Strawberry Scones
- Cook Time: 18 mins
- Total Time: 18 mins
- Yield: 8 servings 1x
- 2 c. all-purpose flour
- ⅓ c. + 1Tbsp. sugar
- 1 tsp. baking powder
- ½ tsp. salt
- ¼ tsp. baking soda
- 8 tablespoons unsalted butter, frozen
- ½ – ¾ c. strawberries, diced
- ½ c. sour cream
- 1 large egg
- 1 Tbsp. heavy whipping cream
- Zest of 1 lime – optional
- Mix dry ingredients in a small bowl. Set aside.
- Dice strawberries and zest the lime, if using. Set aside.
- In a mixing bowl, whisk sourcream, egg, and vanilla. Set aside.

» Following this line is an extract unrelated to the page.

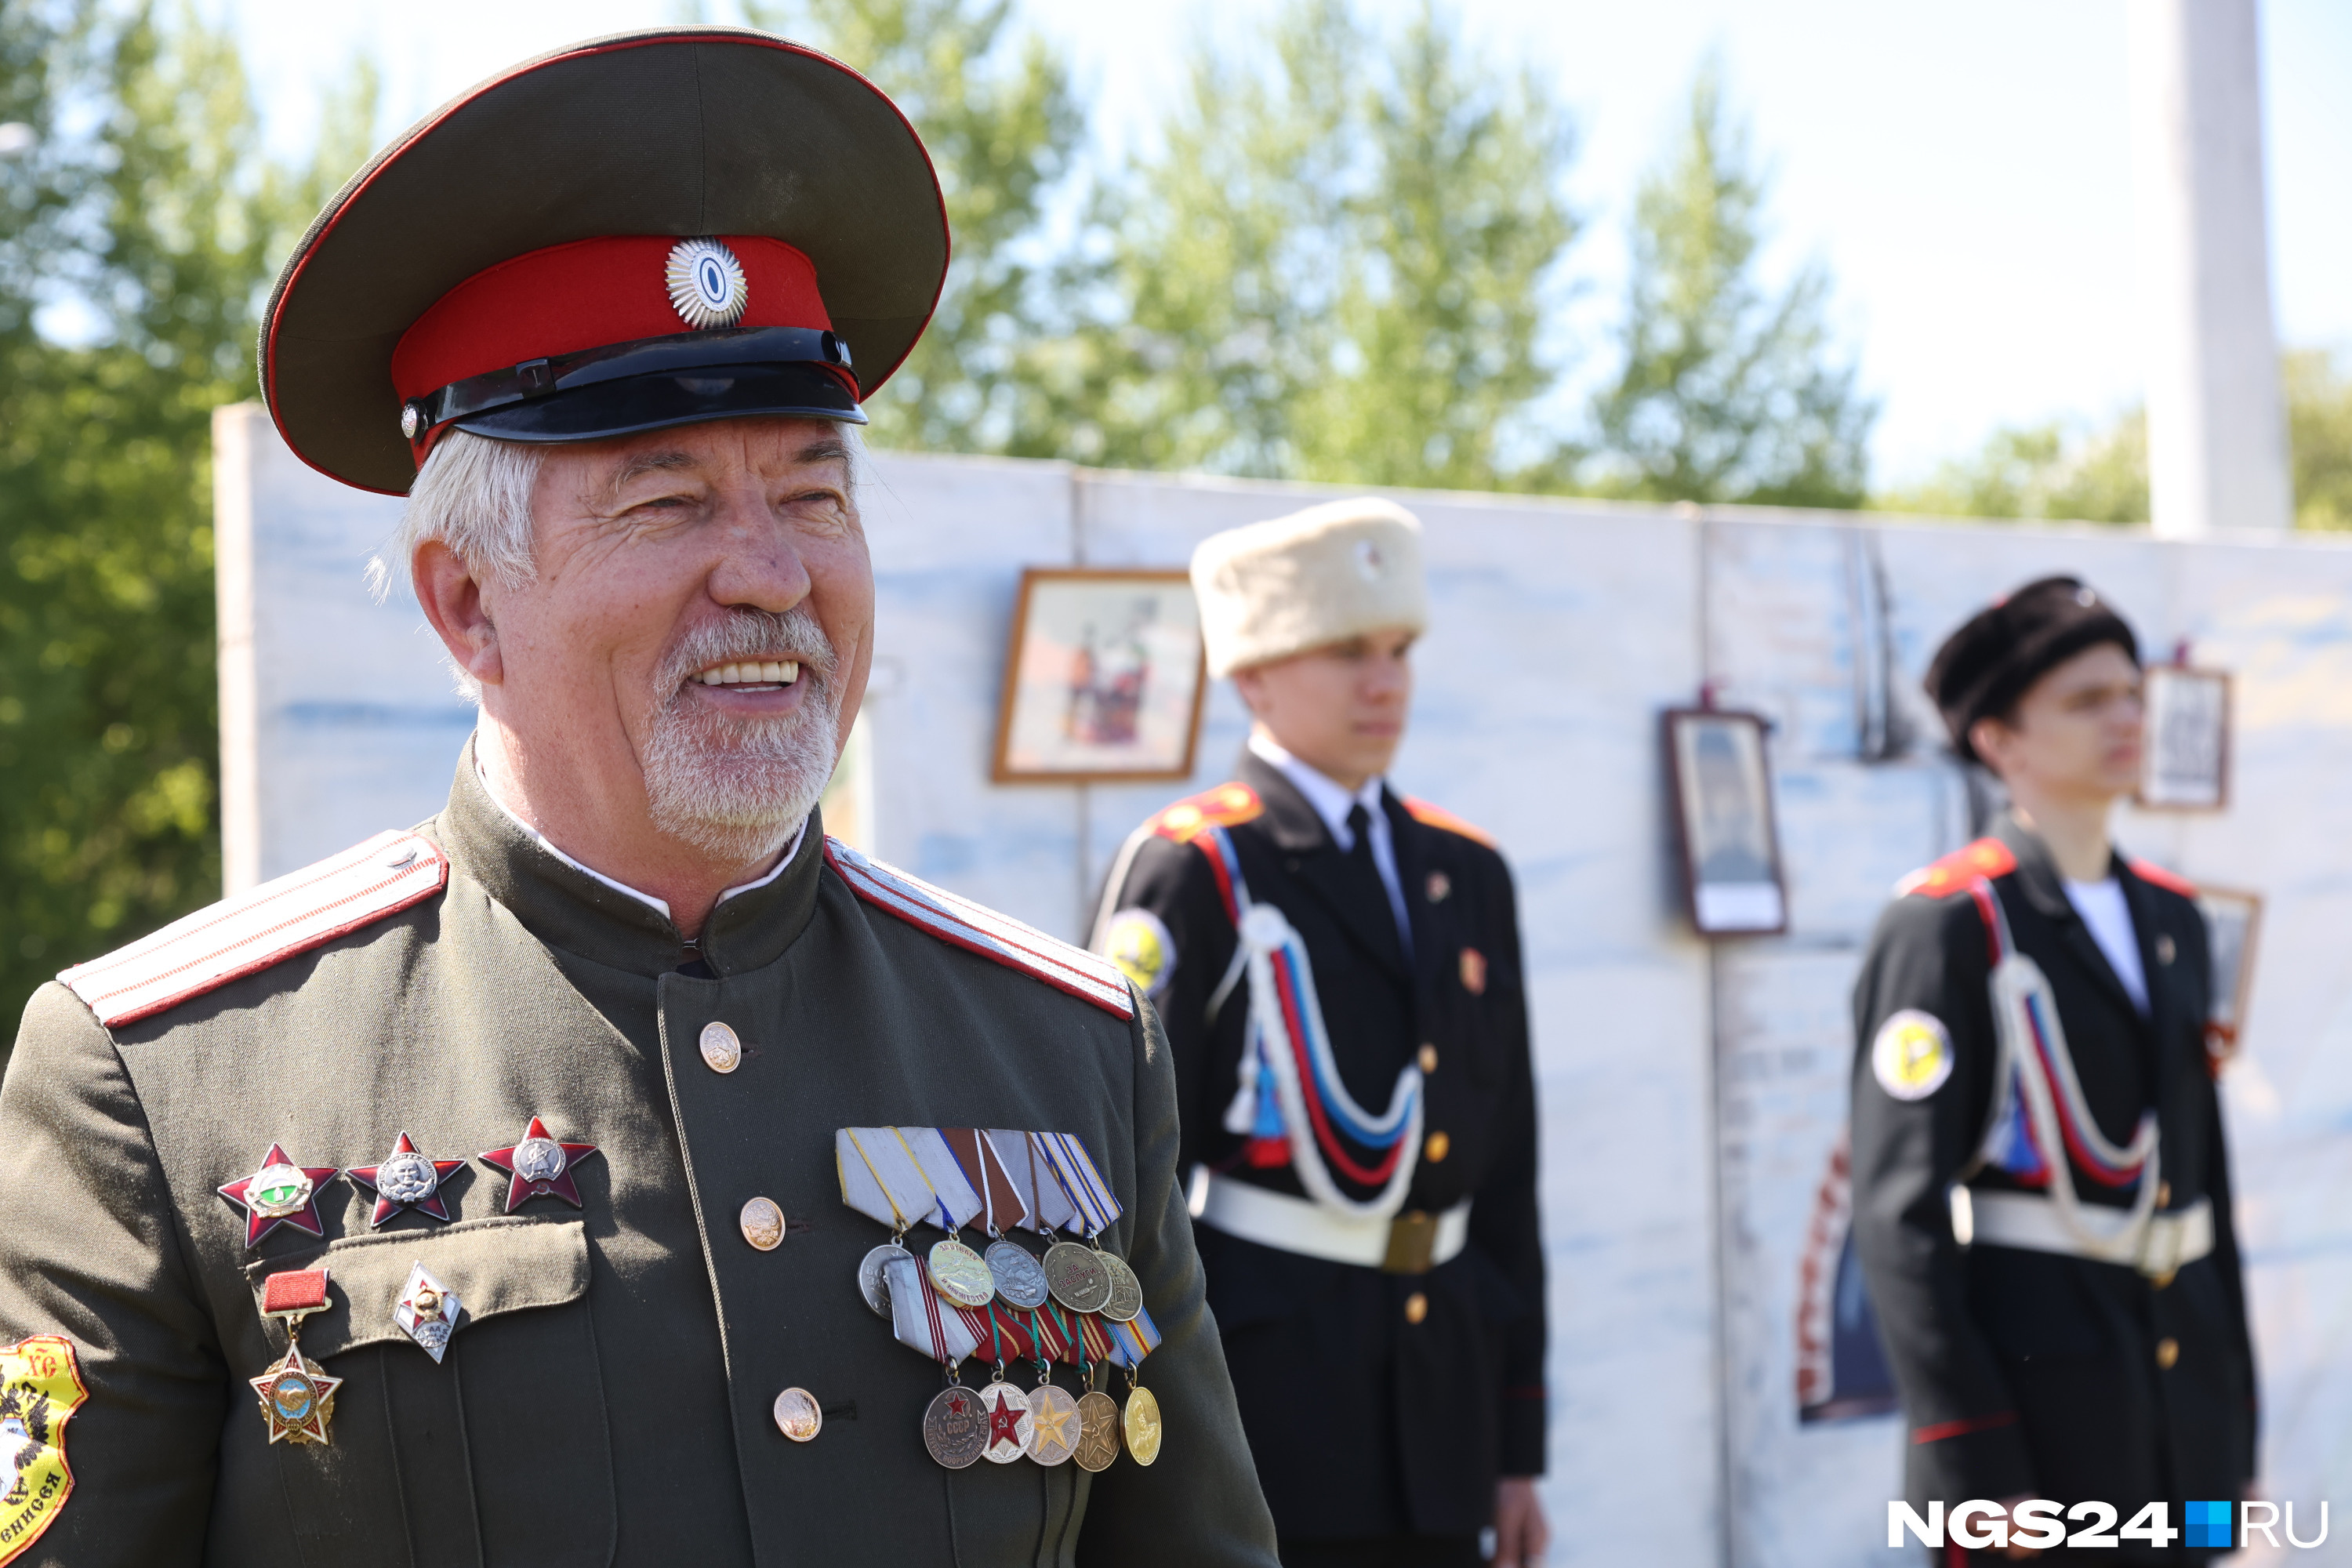 Старшие казаки говорят о важности передать свои традиции подрастающему поколению — это основная ценность

- Move your oven rack to the lower-middle position, preheat your oven to 400 and line a cookie tray with parchment paper.
- Use the food process attached with a grating attachment to quickly grate the butter. I use the smallest size grater possible. Remove the grating attachment and put the regular blade on, followed by the dry ingredients. Pulse for 5 seconds 5 to 10 times, until you get a nice sandy texture. You want to move quickly here so the butter does not begin to melt.
- Transfer the butter/flour mixture to the bowl containing the wet ingredients. Using a wooden spoon or spatula, gently incorporate together. When the mixture begins to form penny size granules, fold in the strawberries. As the dough nears a shaggy appearance, place the dough onto a lightly floured surface. Pull all of the dough together, folding the disc in half, pressing in half 3-5 times. This will incorporate all of the dough together and help develop layering.
- Make a disc 7-8 inches and just under 1 inch thick. Cut into 8 equal sizes and place on baking sheet. Brush with heavy whipping cream.
- Bake until golden brown for 16-18 minutes. Allow to stay on the baking sheet for 5 minutes and then cool on a cooling rack.